Se i genitori ci hanno fatto credere che le nostre emozioni non erano importanti, difficilmente da
adulti riusciremo a esprimere ciò che desideriamo e di cui abbiamo bisogno. Ciò ostacola una
relazione felice e sana.

Esprimete sempre quello che provate e di cui avete bisogno? Prendete prima di tutto in
considerazione i vostri sentimenti? Se è così, congratulazioni! Siete responsabili ed emotivamente
maturi. Grazie a queste qualità, si hanno legami equilibrati e sani. Ciò sembra impossibile,
tuttavia, per coloro i quali non hanno ricevuto un’adeguata educazione emotiva.

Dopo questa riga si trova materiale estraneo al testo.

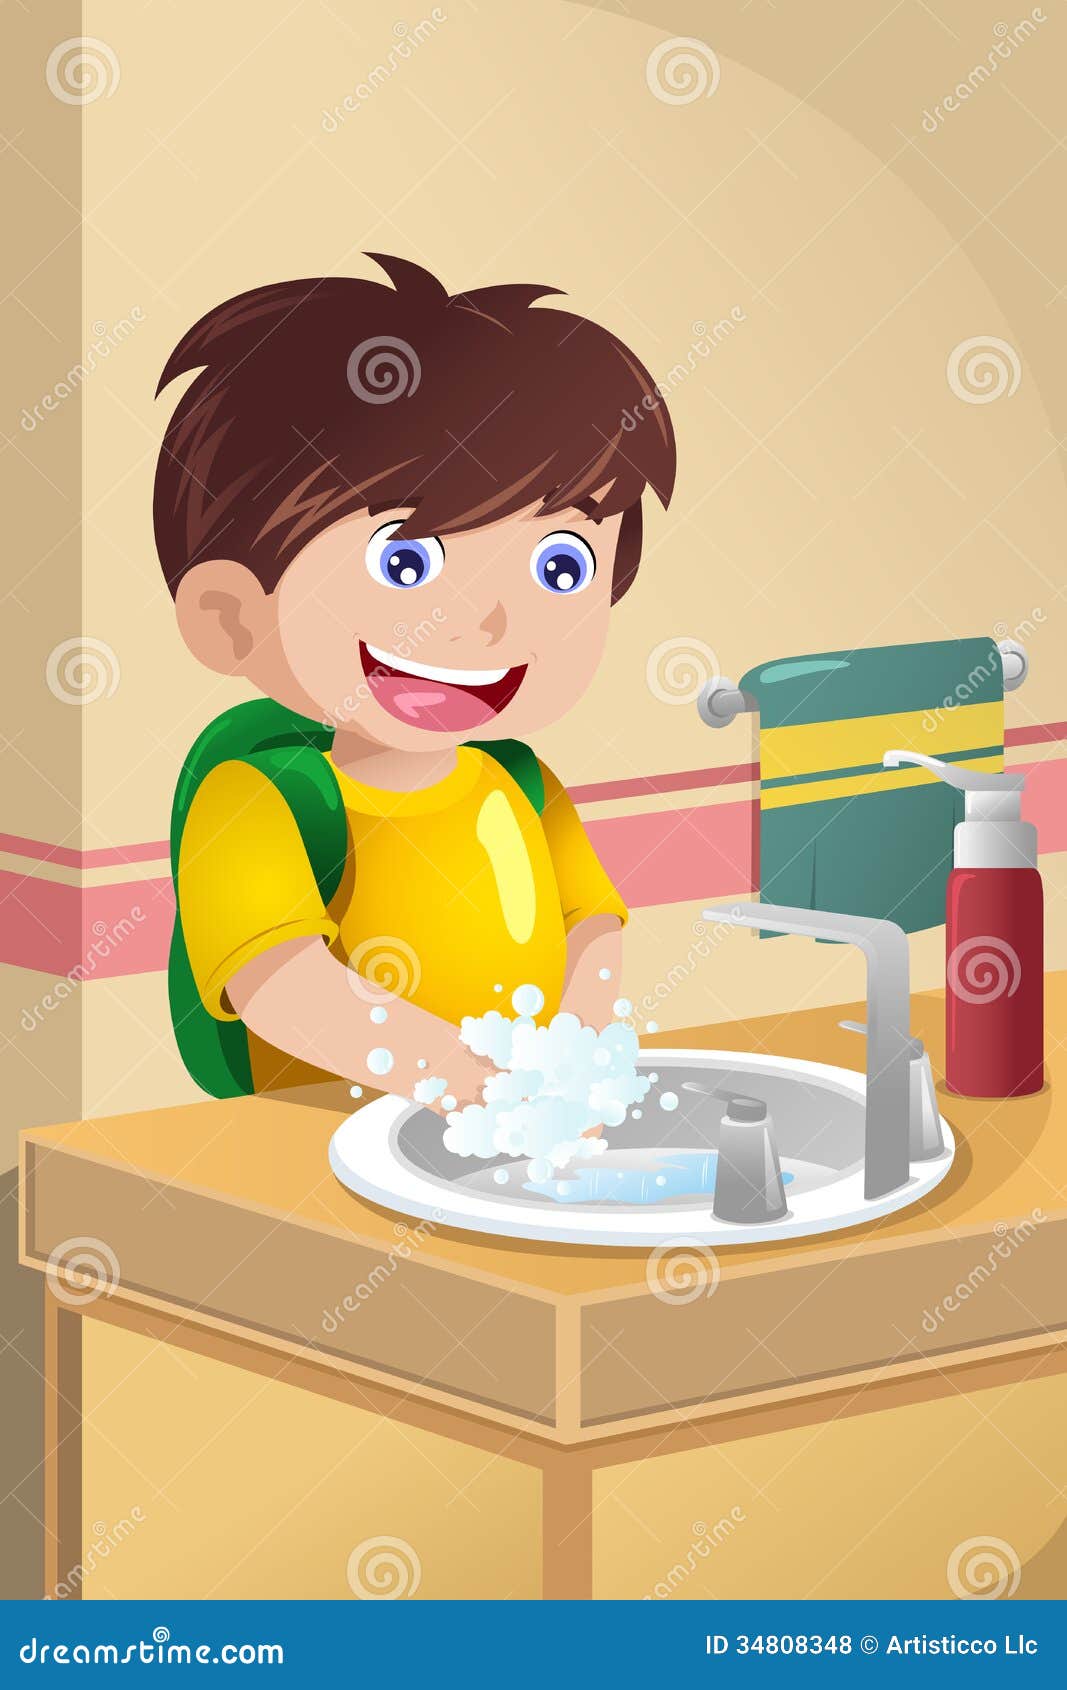 free clipart images hand washing - photo #50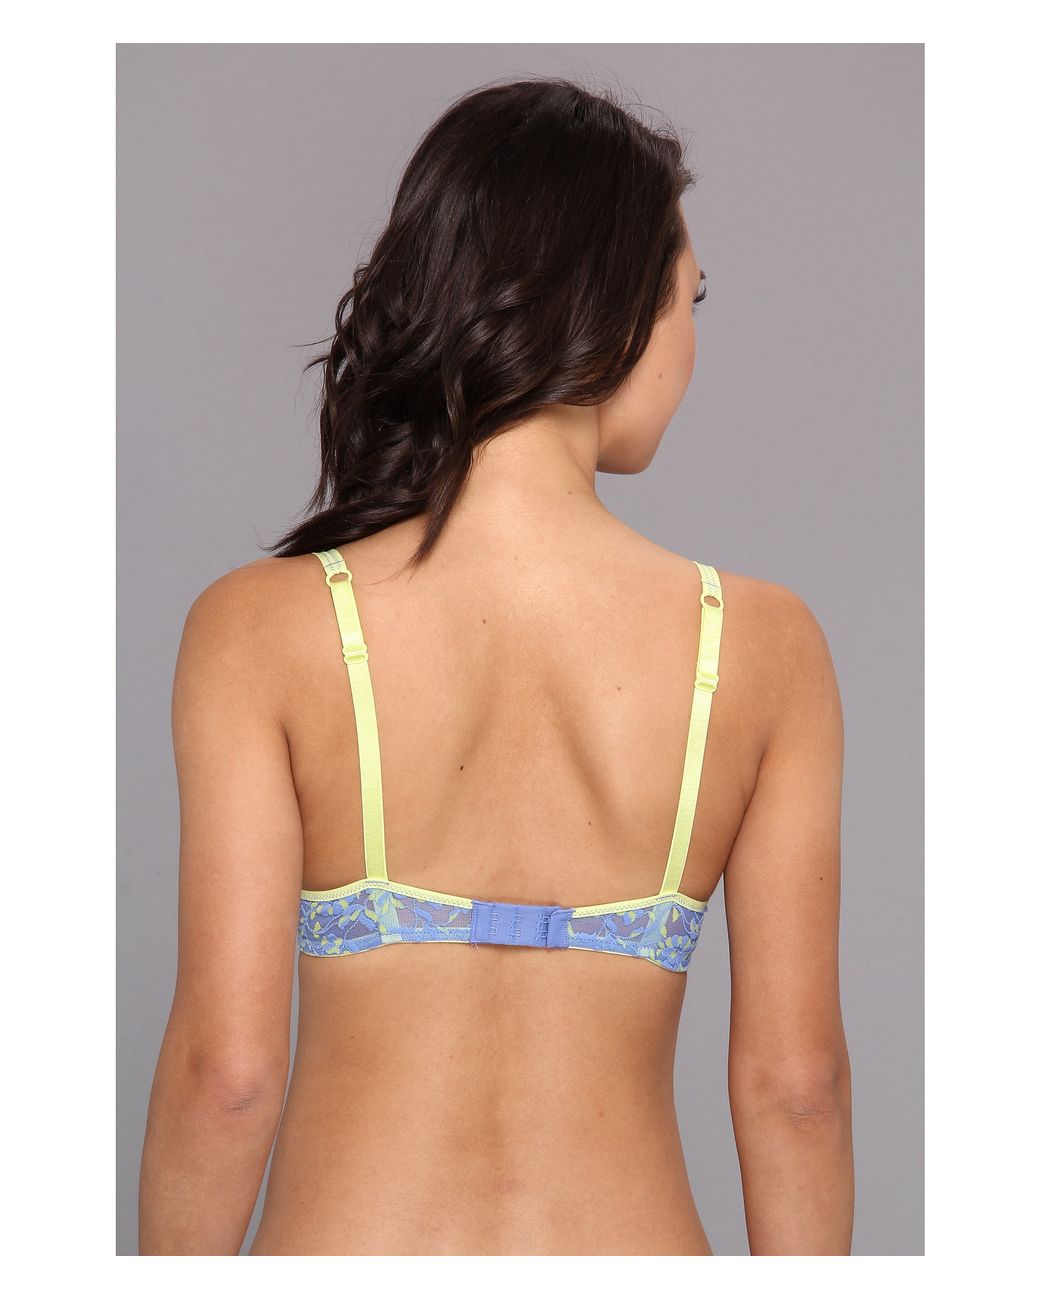 DKNY Intimates Women's Classic Lace Unlined Demi Rosewater 32B

Molte persone sono abituate a reprimere le proprie emozioni, come qualcuno che ingoia un sasso dopo
l’altro. Non fanno notare quello che le ferisce per paura delle conseguenze. Nascondono ciò di cui
hanno bisogno in ogni momento perché si sono abituati a non rivendicare o segnalare i propri
desideri.

Una simile condotta psicoemotiva è strettamente legata all’educazione ricevuta. Il trattamento dei
genitori determina il modo in cui i figli si relazioneranno con le loro emozioni in età adulta.

Chiederemo ciò che ci è stato concesso chiedere, rivendicheremo ciò che ci è stato insegnato che
possiamo rivendicare. Quanto insegnatoci dai nostri genitori in materia psico-emotiva modulerà il
nostro comportamento.

La scarsa gestione emotiva in età adulta si deve in buona parte all’educazione ricevuta.

Educazione emotiva e impatto sulla maturità

Spetta ai genitori far capire ai bambini che il loro stato d’animo è importante e che devono
imparare a gestirlo. I genitori abili e rispettosi sanno che devono guidare i loro figli nel
riconoscere adeguatamente le emozioni provate. Ciò permetterà di essere più in sintonia con se
stessi e sviluppare un’adeguata intelligenza emotiva.

L’accumulo di sensazioni che si scatena sotto forma di capricci, per esempio, è paralizzante per il
bambino. Se l’adulto li risolve con urla e punizioni, il bambino imparerà a reprimere la rabbia, la
frustrazione e il disagio.

Allo stesso modo, se i genitori lodano i suoi sforzi quando si dedica a un compito per lui
complesso, probabilmente il bambino imparerà a tollerare meglio la frustrazione.

La reazione dei genitori guida anche a comunicare meglio le esperienze interiori agli altri: “Mi
sento triste”, “Sono arrabbiato perch酔, “Ho paura di…”, ecc. È importante invitare il bambino a
parlare di quello che lo fa stare male, invece di reprimerlo o incanalarlo nella rabbia.

Genitori negligenti e famiglie disfunzionali sono alla base di molte difficoltà a livello
relazionale. Per esempio, non essere in grado di instaurare legami felici con gli altri in età
adulta.

Crescere in ambienti invalidanti spesso impedisce di amare se stessi e gli altri

Una sana educazione emotiva durante l’infanzia è un potente strumento per imparare a instaurare
relazioni sicure. Potrebbe rappresentare, di fatto, la pietra angolare del proprio benessere
psicologico.

Ricevere ogni giorno dimostrazione che merita di essere amato e che le sue emozioni sono importanti
agisce come il miglior nutriente per il bambino.

Uno studio dell’Università di Palo Alto rivela che la validazione emozionale è un elemento
essenziale anche in ogni scenario psicoterapeutico. Grazie a essa, lo psicologo aiuta il paziente a
dare credibilità a quello che prova e che pensa.

La persona che chiede aiuto non capisce o ignora le sue emozioni, che invece richiedono presenza,
attenzione e comprensione. Crescere in ambienti invalidanti, in famiglie che insegnano a mettere a
tacere i bisogni e a dare priorità a quelli dei genitori, è traumatico.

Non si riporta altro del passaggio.